Your instructions |
Return each line of the data below verbatim; pictures are to be left out.

Dataset content |

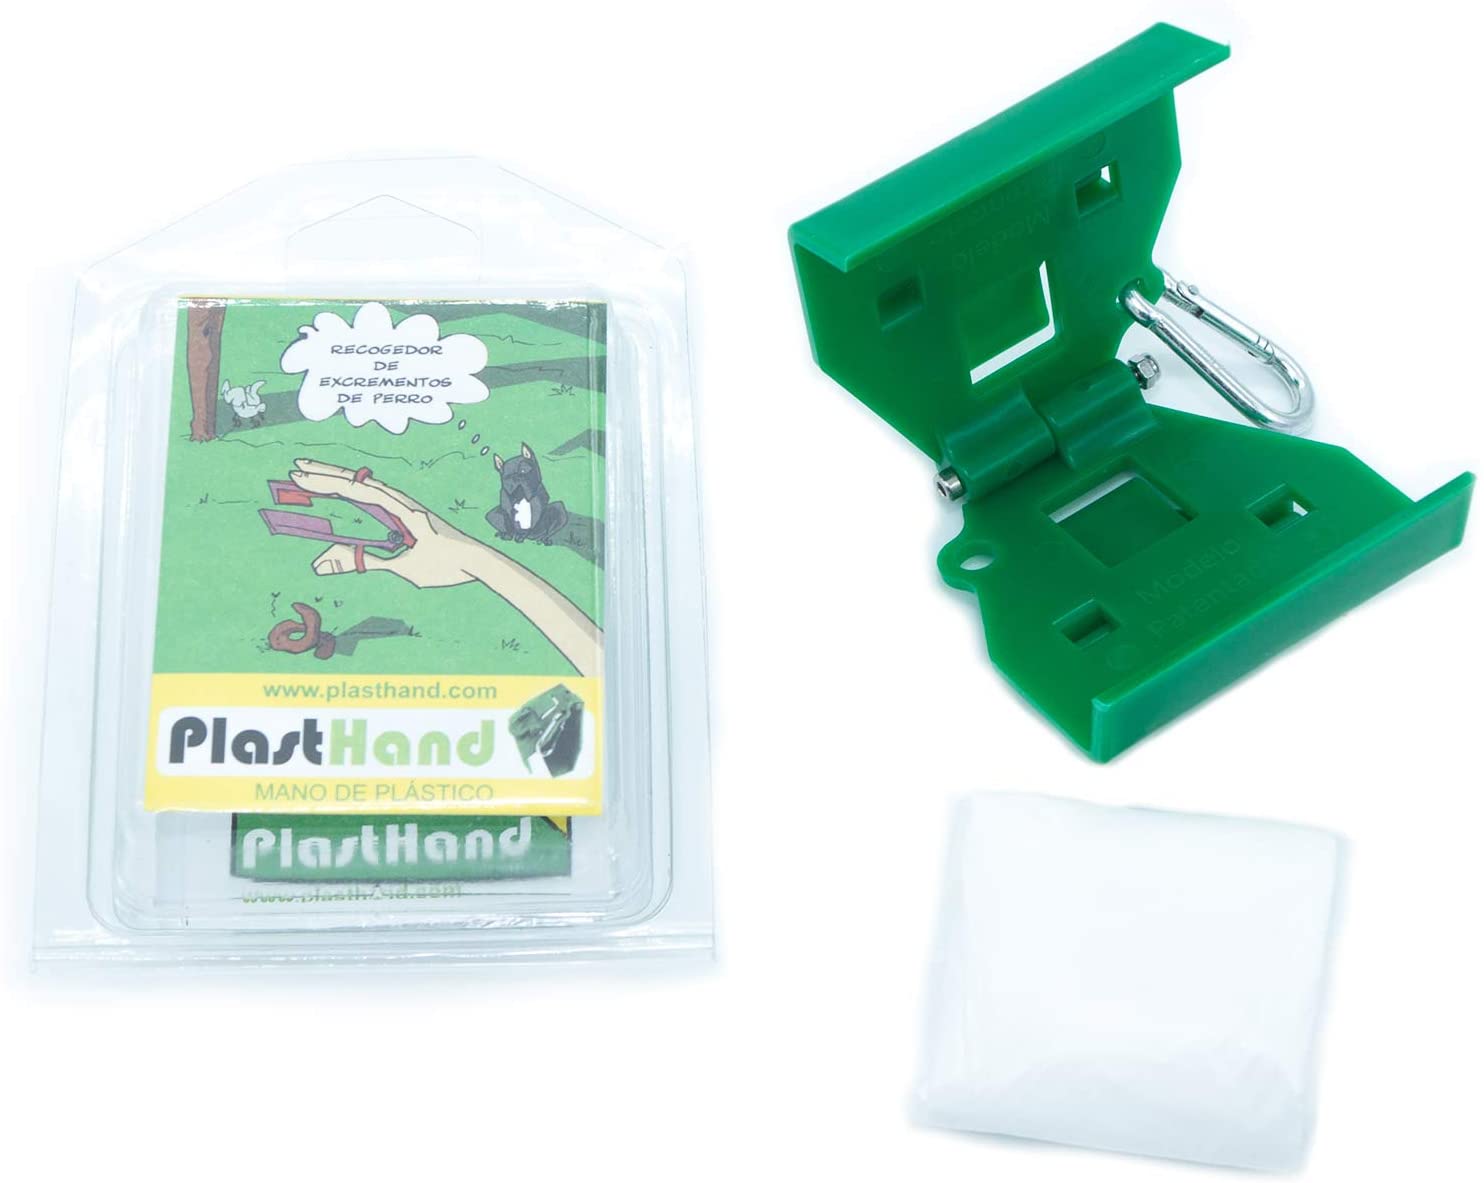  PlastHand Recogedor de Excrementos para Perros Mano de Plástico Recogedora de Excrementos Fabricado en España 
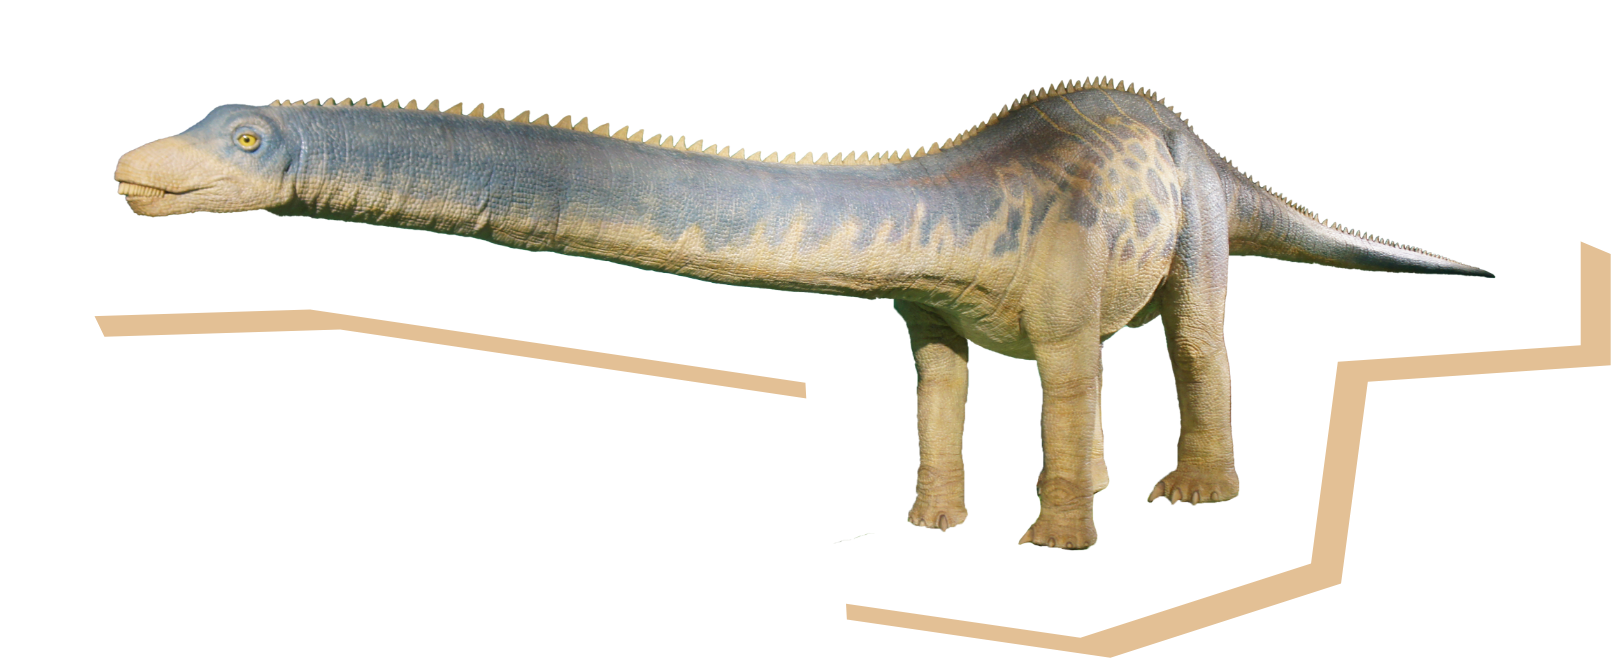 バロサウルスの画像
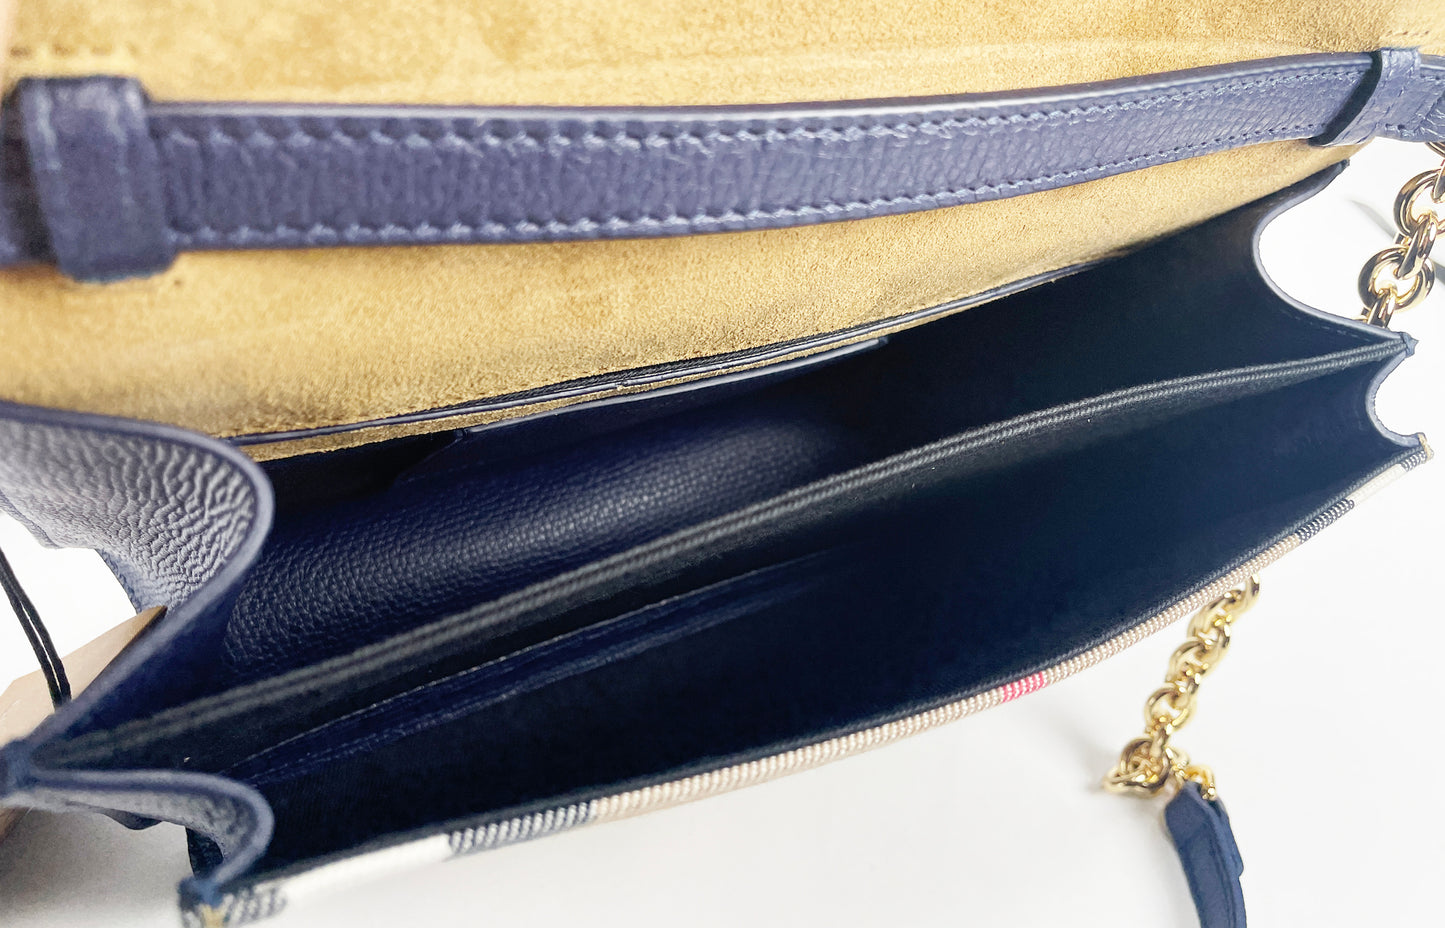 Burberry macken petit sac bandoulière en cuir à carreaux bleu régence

Reply |
  PlastHand Recogedor de Excrementos para Perros Mano de Plástico Recogedora de Excrementos Fabricado en España 
 バロサウルスの画像
 Burberry macken petit sac bandoulière en cuir à carreaux bleu régence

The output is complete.